Impact
StringM::from_str in the Stellar XDR library does not enforce the declared maximum length when constructing a StringM value. If an input string exceeds the allowed size, the function erroneously returns a successful result and produces a StringM that violates its length invariant. This flaw can allow callers to create malformed XDR structures that may bypass downstream validation, serialization, or other logic that assumes the invariant holds, potentially leading to logical inconsistencies, denial of service, or other integrity problems.
Affected Systems
The vulnerability affects the Stellar rs‑stellar-xdr library and CLI up to and including version 25.0.0. Systems that use this library to parse or construct XDR messages—such as Stellar network nodes, client libraries, or any application that depends on rs‑stellar-xdr—are impacted.
Risk and Exploitability
The CVSS score is 4.0, reflecting moderate severity. The EPSS score is below 1 % and the issue is not listed in the CISA KEV catalog, indicating a low likelihood of active exploitation at present.
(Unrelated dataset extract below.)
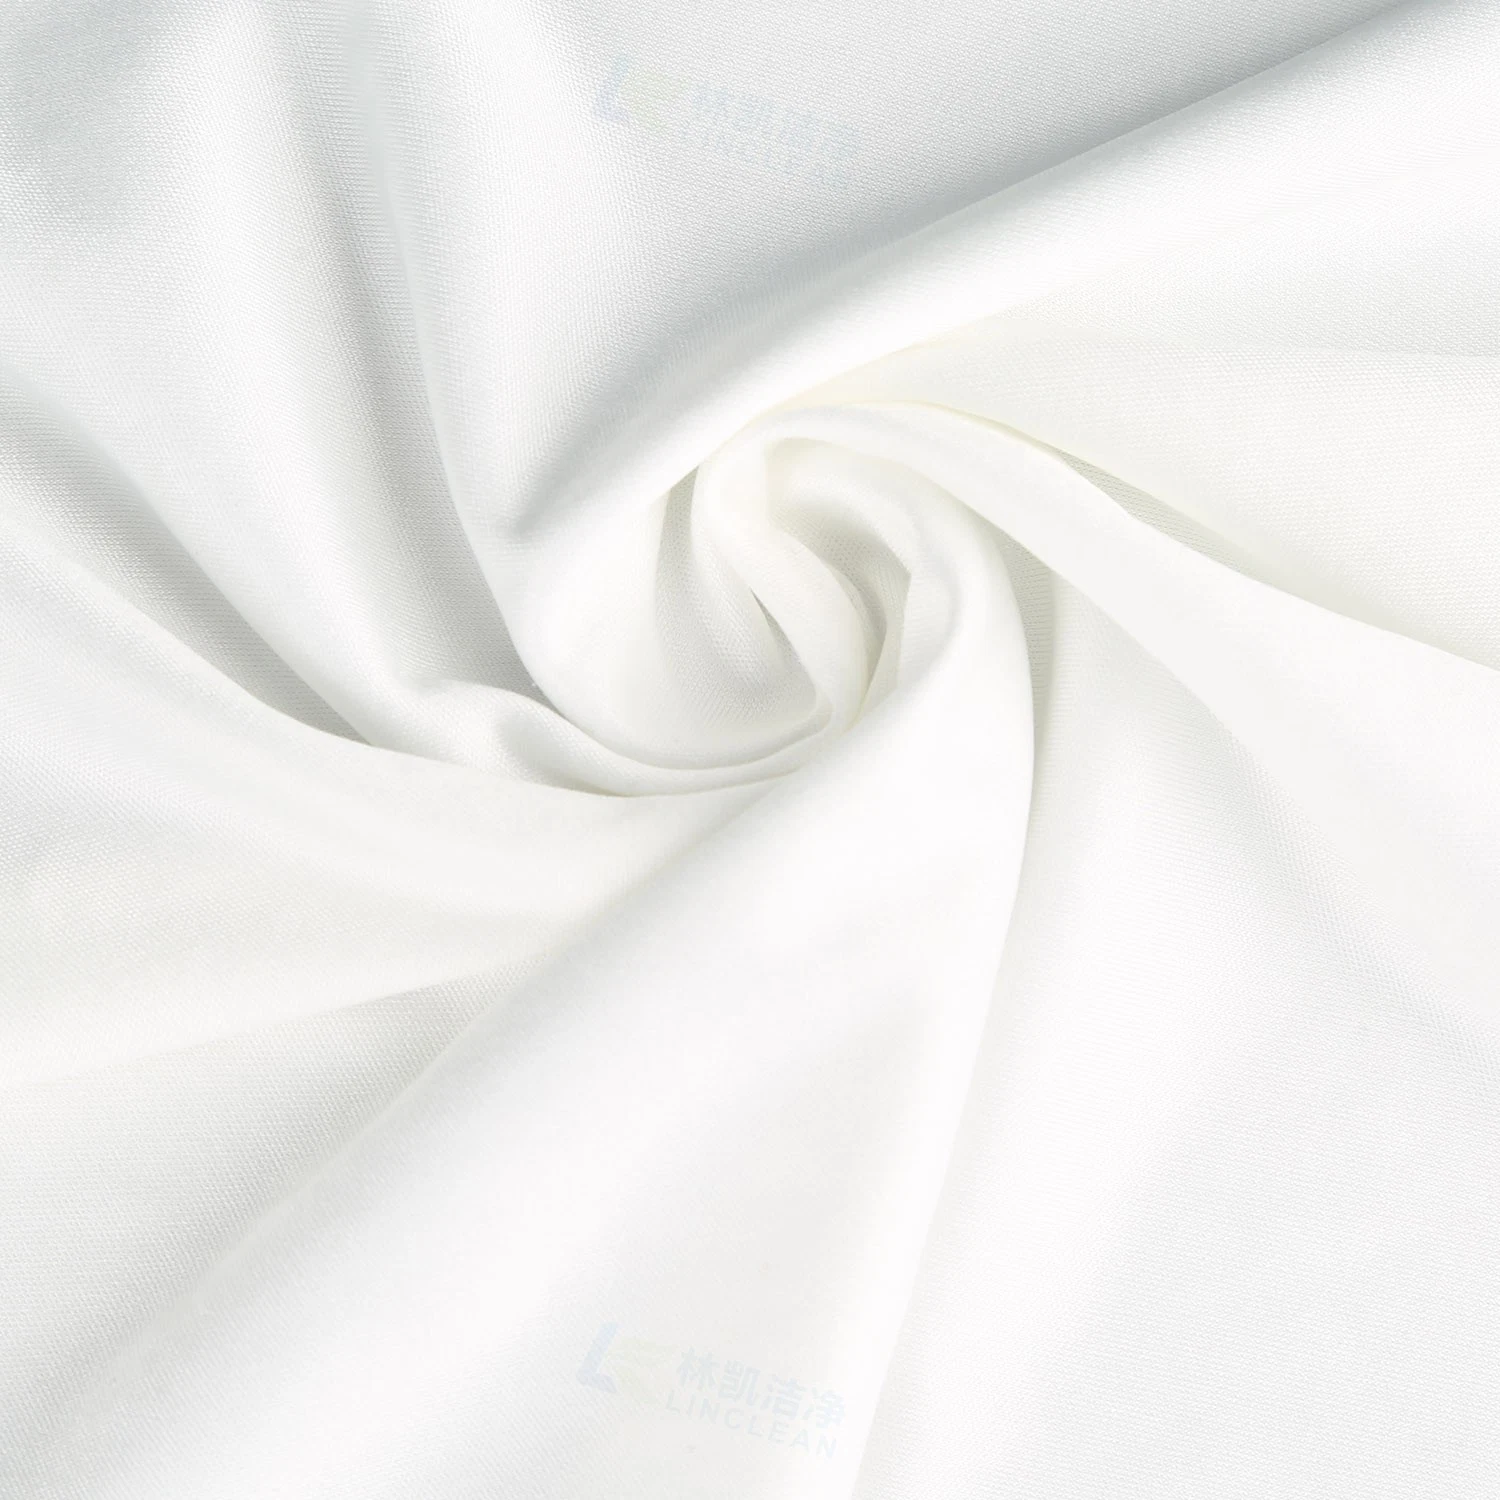 Novo pano de microfibras sem pó toalhetes de limpeza para tecidos não tecidos para salas brancas Limpa pára-brisas
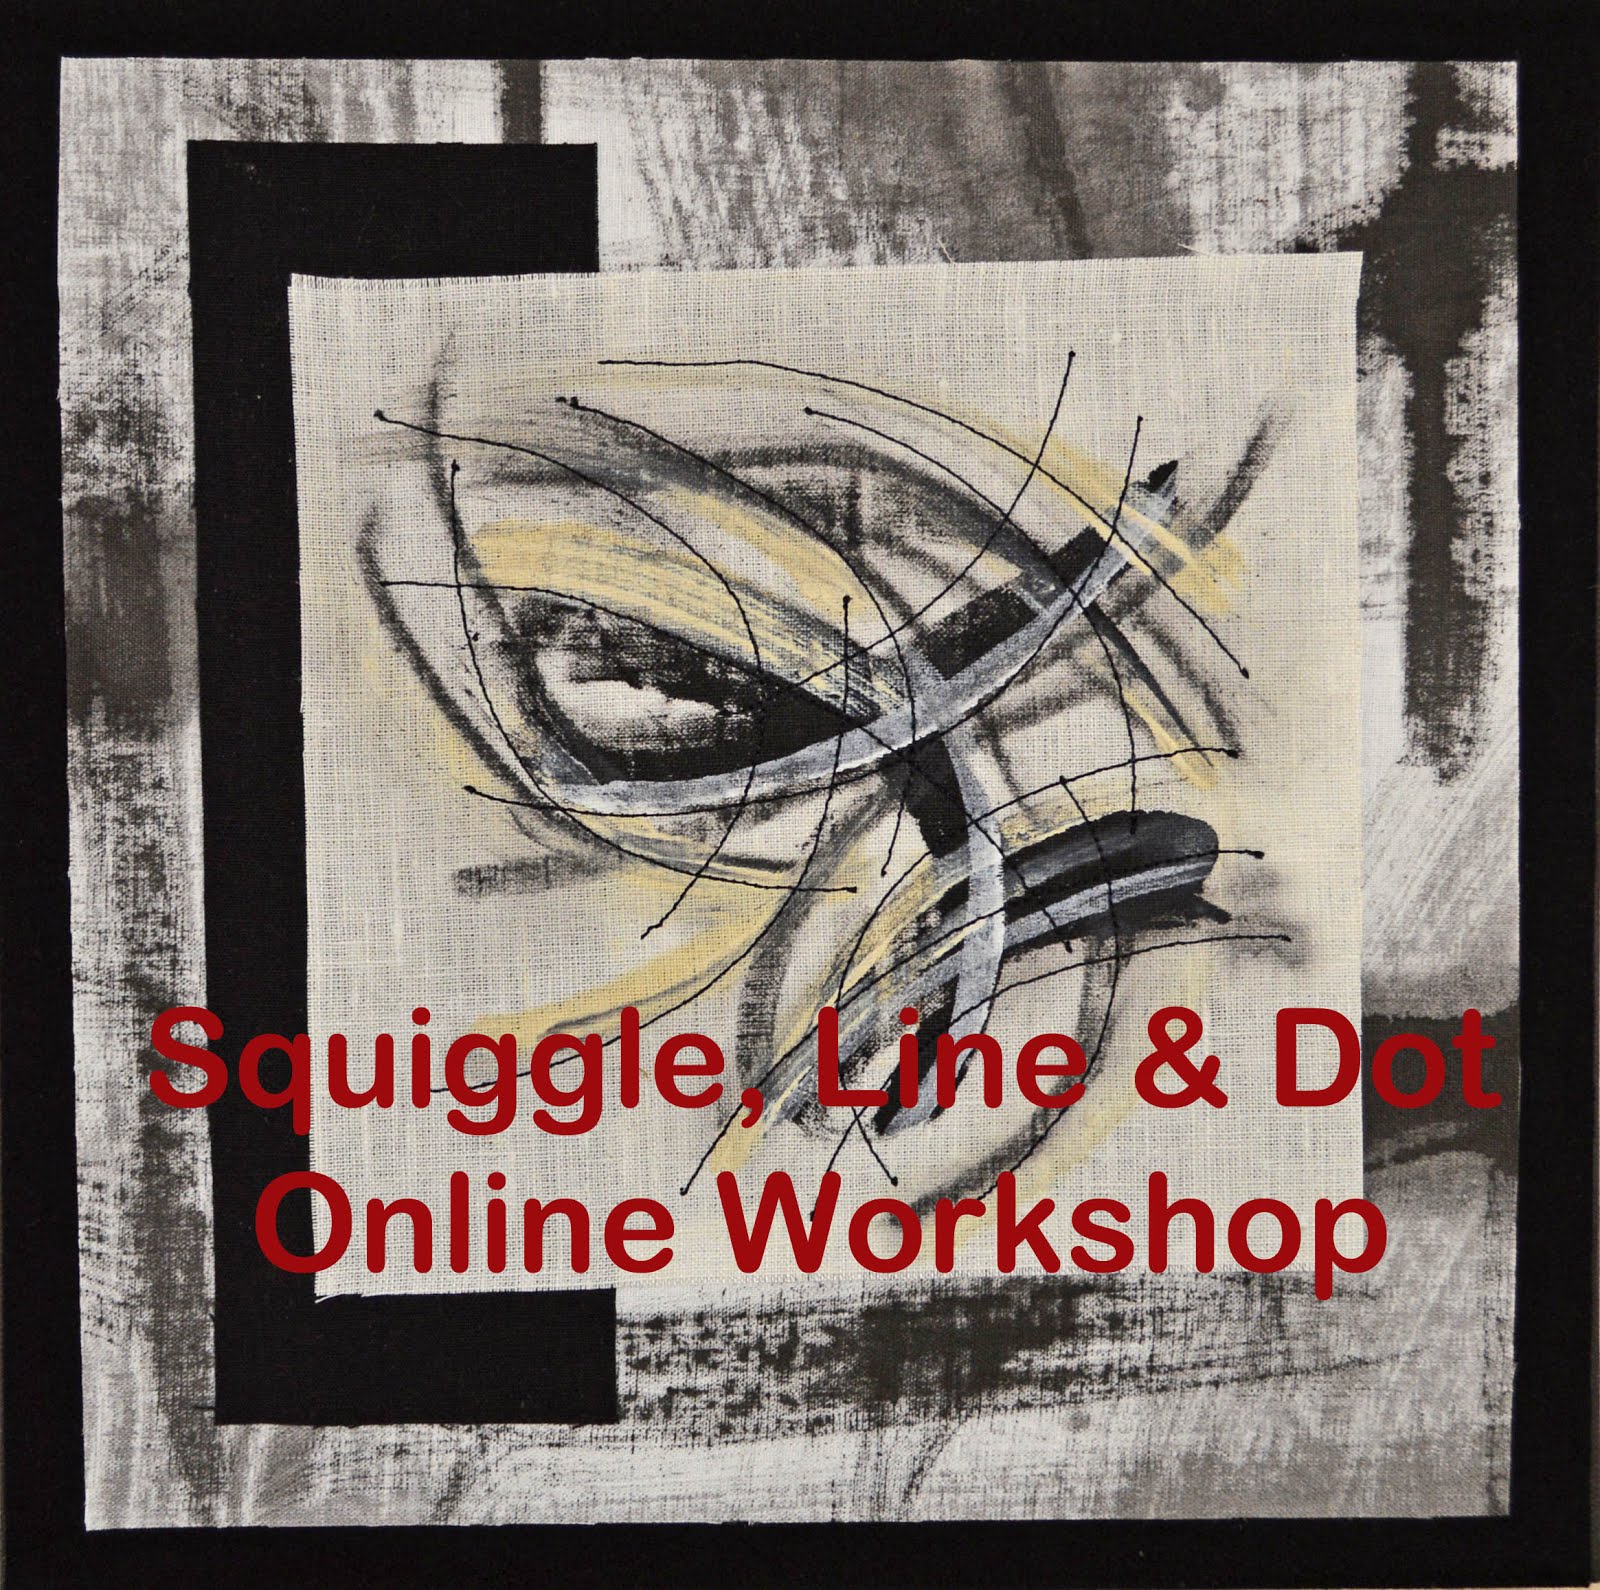 Squiggle, Line & Dot Online Workshop

However, because the flaw enables the creation of oversized StringM objects that can trick downstream code, an attacker with the ability to supply crafted input—whether locally or remotely via an application that parses untrusted XDR—could exploit the weakness. The attack would involve feeding an oversized string to StringM::<N>::from_str or str::parse, which the affected library accepts without error. Since the flaw lies in the library itself and does not require additional conditions, its exploitability remains contingent on whether the vulnerable code path is invoked.